Now, each pip value has a number of sides of Yves' die that it beats. Let's store that. In fact, let's talk data structures -- let's have a vector ZP, of pips that Zola's die can have, and a second vector LT such that LT[i] contains the number of pips on Yves' die that ZP[i] beats. Here are the two vectors for the examples (I've put a difficult example into example 12):
UNIX> Example 0 ZP: 7 6 5 4 3 2 LT: 6 5 4 3 2 1 UNIX> Example 1 ZP: 3 1 LT: 4 3 UNIX> Example 2 ZP: 14 2 LT: 4 3 UNIX> Example 12 ZP: 4820 4783 4718 4702 4473 4221 4210 4180 3804 3357 3305 3069 3047 2908 2883 2760 2709 2518 2438 2308 2002 1753 1734 1449 1214 1121 238 71 LT: 28 27 26 25 24 23 22 21 20 19 18 17 16 15 14 13 12 11 10 9 8 7 6 5 4 3 2 1The problem is now to choose N values from ZP such that their sum is less than or equal to the total number of pips on Yves die, and the sum of their LT values is maximized.

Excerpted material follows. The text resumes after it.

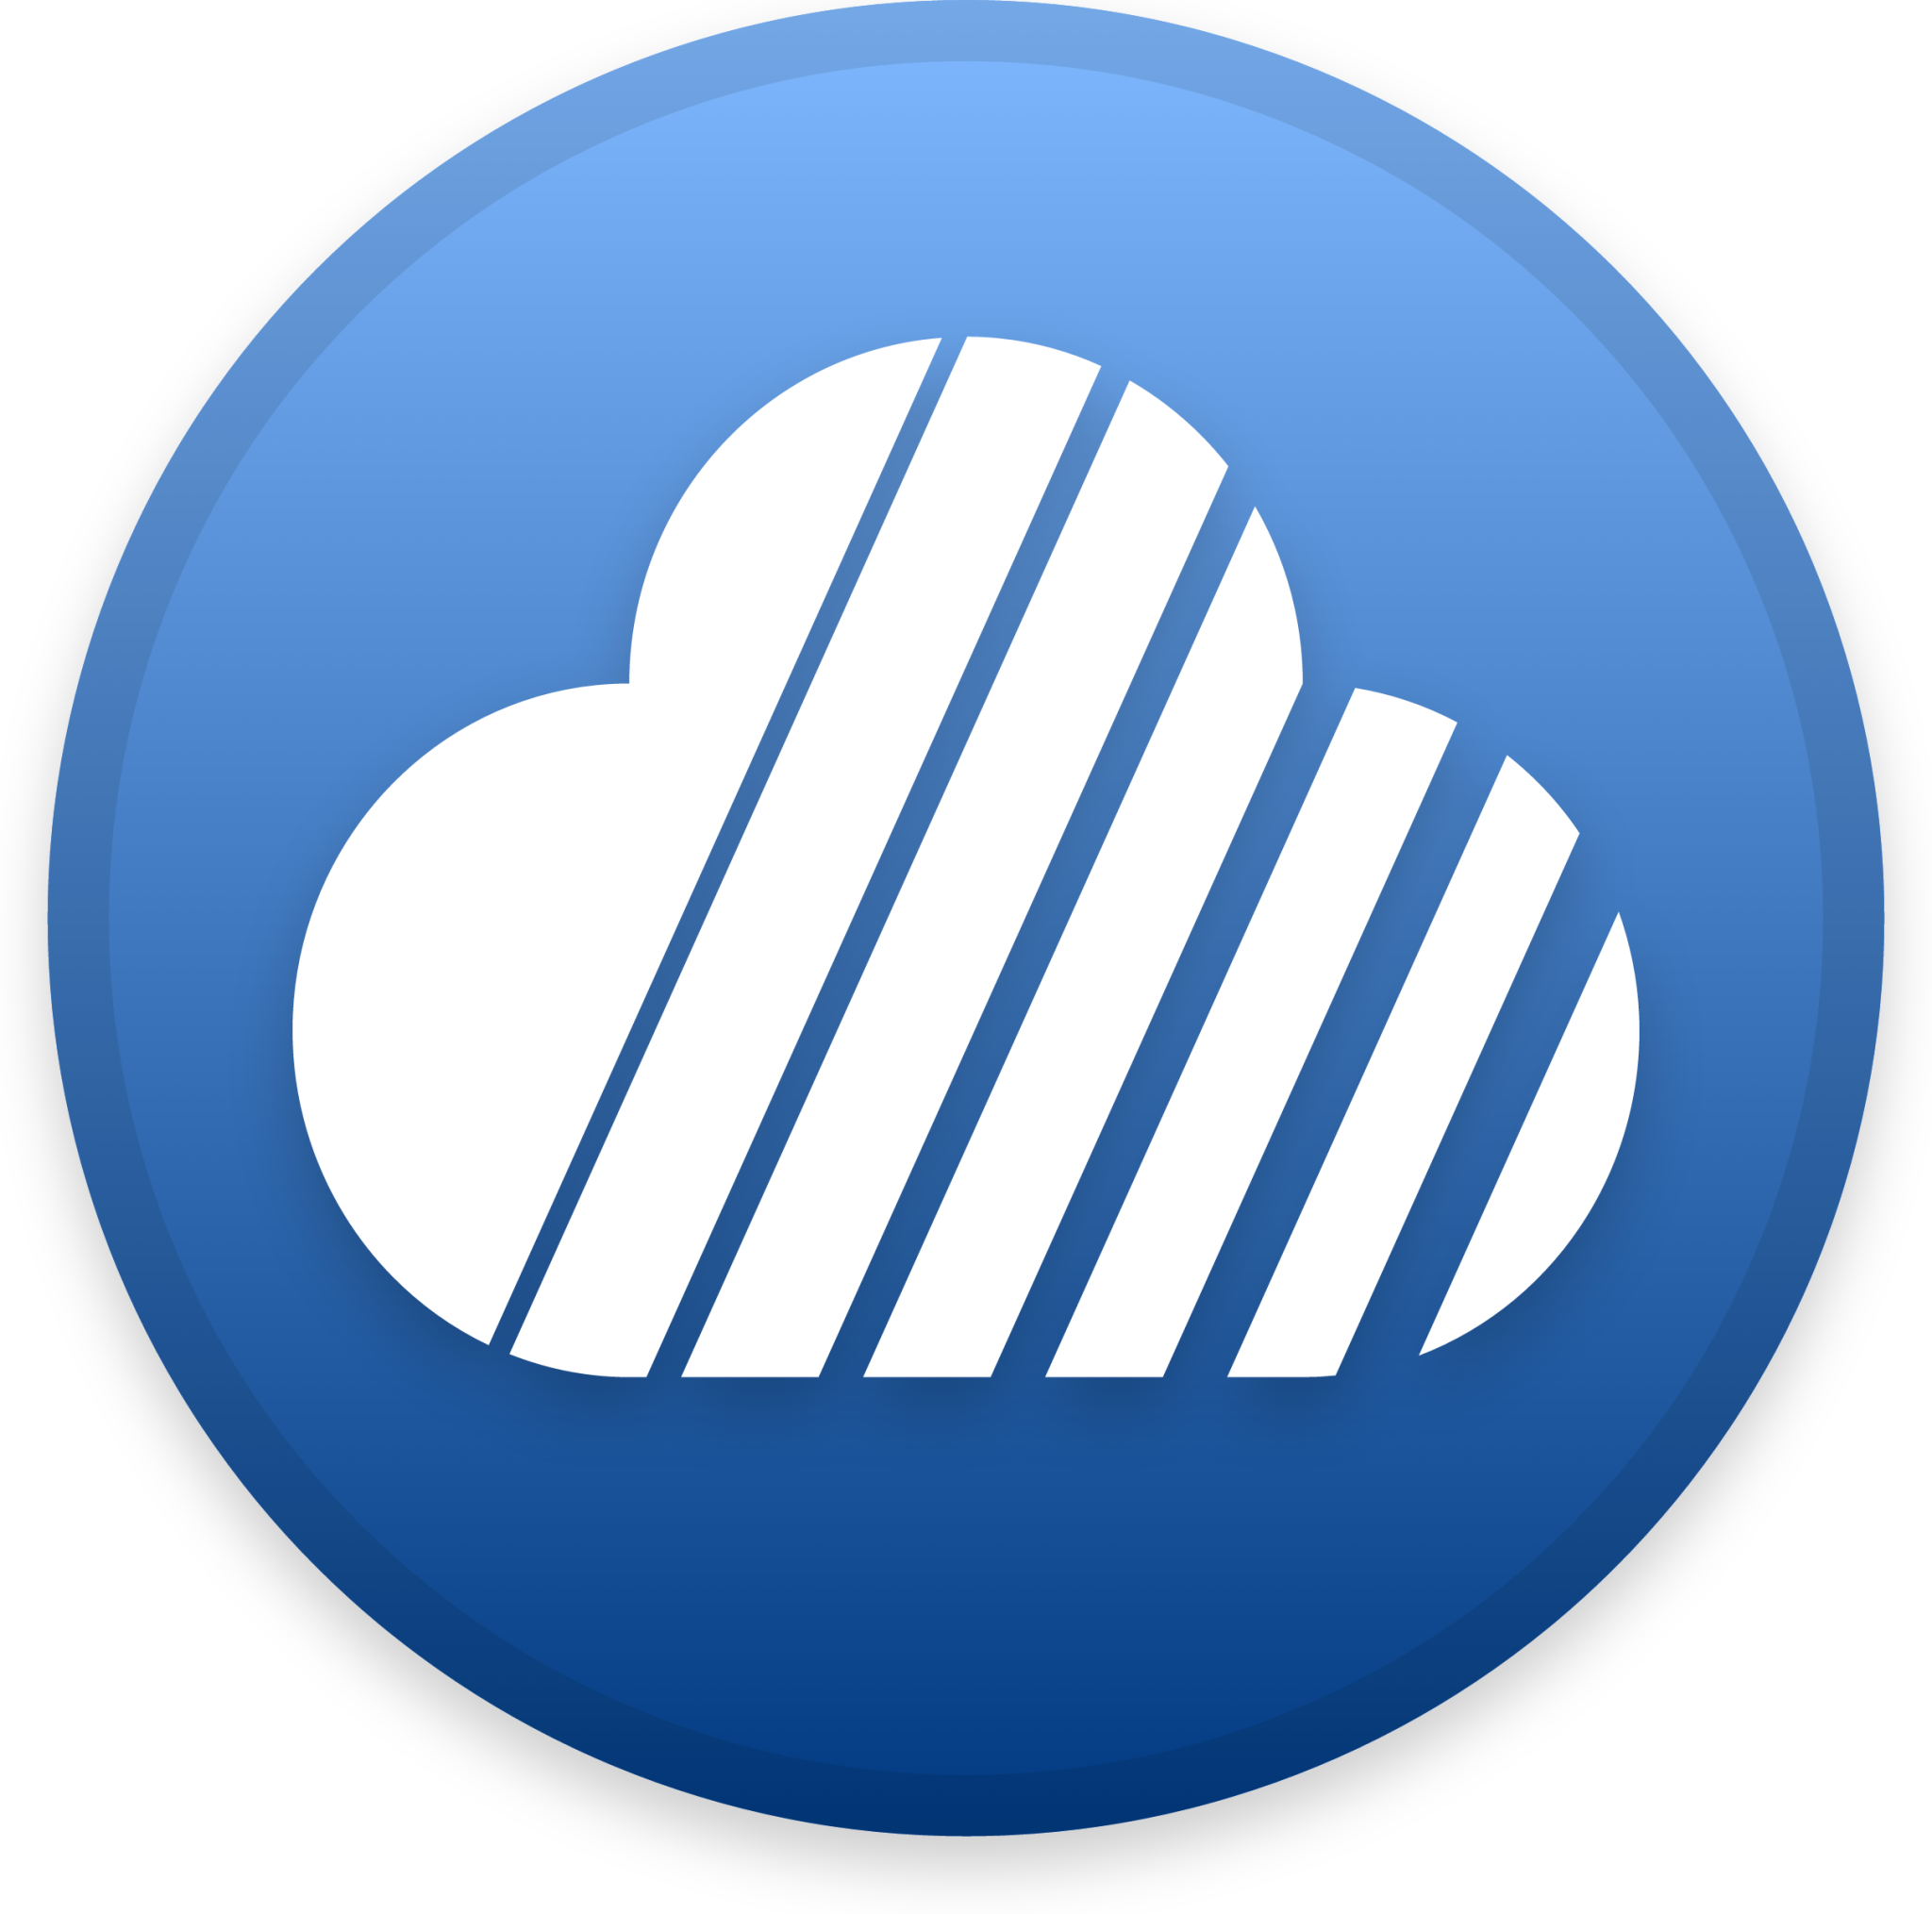 Skycoin Cryptocurrency icon

int DieDesign::fill_in(int index, int pipsleft, int makevec); |
This returns the number of sides that Zola's die beats, starting at index index of the die, when she has pipsleft pips left to allocate to those sides. The parameter makevec is a boolean (I know -- I'm old and just use ints). If it's false, you just return the value. If it's true, you also set a vector to be the vector of pips).
You call it initially as fill_in(0, totalpips, 1). Then, you see how many pips are leftover, and add them to the first die. You only memoize when makevec is zero, and what that allows you to do is figure out what the best recursive call is to make, before you make that call with makevec equal to one, so that you get the answer. You memoize on the first two parameters -- 30 * (5000*30) = 4,500,000 -- this is pretty much just at the limit of what Topcoder can do. Use a two dimensional vector, and not a map.
Here are the calls and caches for examples 1, 2 and 0. I only print out cache entries that were set.
UNIX> a.out 1 ZP: 3 1 LT: 4 3 Final rv: 6 Here's the Cache index: 0 pipsleft: 2 RV: 6 index: 1 pipsleft: 1 RV: 3 And here's the final answer: 1 1 0 0 UNIX> a.out 2 ZP: 14 2 LT: 4 3 Final rv: 12 Here's the Cache index: 1 pipsleft: 2 RV: 3 index: 4 pipsleft: 16 RV: 12 And here's the final answer: 10 2 2 2 UNIX> a.out 0 ZP: 7 6 5 4 3 2 LT: 6 5 4 3 2 1 Final rv: 18 Here's the Cache index: 0 pipsleft: 21 RV: 18 index: 1 pipsleft: 14 RV: 12 index: 1 pipsleft: 15 RV: 12 index: 1 pipsleft: 16 RV: 13 index: 1 pipsleft: 17 RV: 14 index: 2 pipsleft: 7 RV: 6 index: 2 pipsleft: 8 RV: 6 index: 2 pipsleft: 9 RV: 7 index: 2 pipsleft: 10 RV: 8 index: 2 pipsleft: 11 RV: 9 index: 2 pipsleft: 12 RV: 10 index: 2 pipsleft: 13 RV: 11 index: 3 pipsleft: 1 RV: 0 index: 3 pipsleft: 2 RV: 1 index: 3 pipsleft: 3 RV: 2 index: 3 pipsleft: 4 RV: 3 index: 3 pipsleft: 5 RV: 4 index: 3 pipsleft: 6 RV: 5 index: 3 pipsleft: 7 RV: 6 index: 3 pipsleft: 8 RV: 6 index: 3 pipsleft: 9 RV: 7 index: 4 pipsleft: 1 RV: 0 index: 4 pipsleft: 2 RV: 1 index: 4 pipsleft: 3 RV: 2 index: 4 pipsleft: 4 RV: 3 index: 4 pipsleft: 5 RV: 4 index: 5 pipsleft: 1 RV: 0 index: 5 pipsleft: 2 RV: 1 And here's the final answer: 7 7 7 0 0 0 UNIX>One final thing -- if you're looking at ZV[i] and pipsleft/(N-index) ≥ ZV[i], then you can return instantly -- you don't need recursion. That observation might be necessary to have your program work fast enough.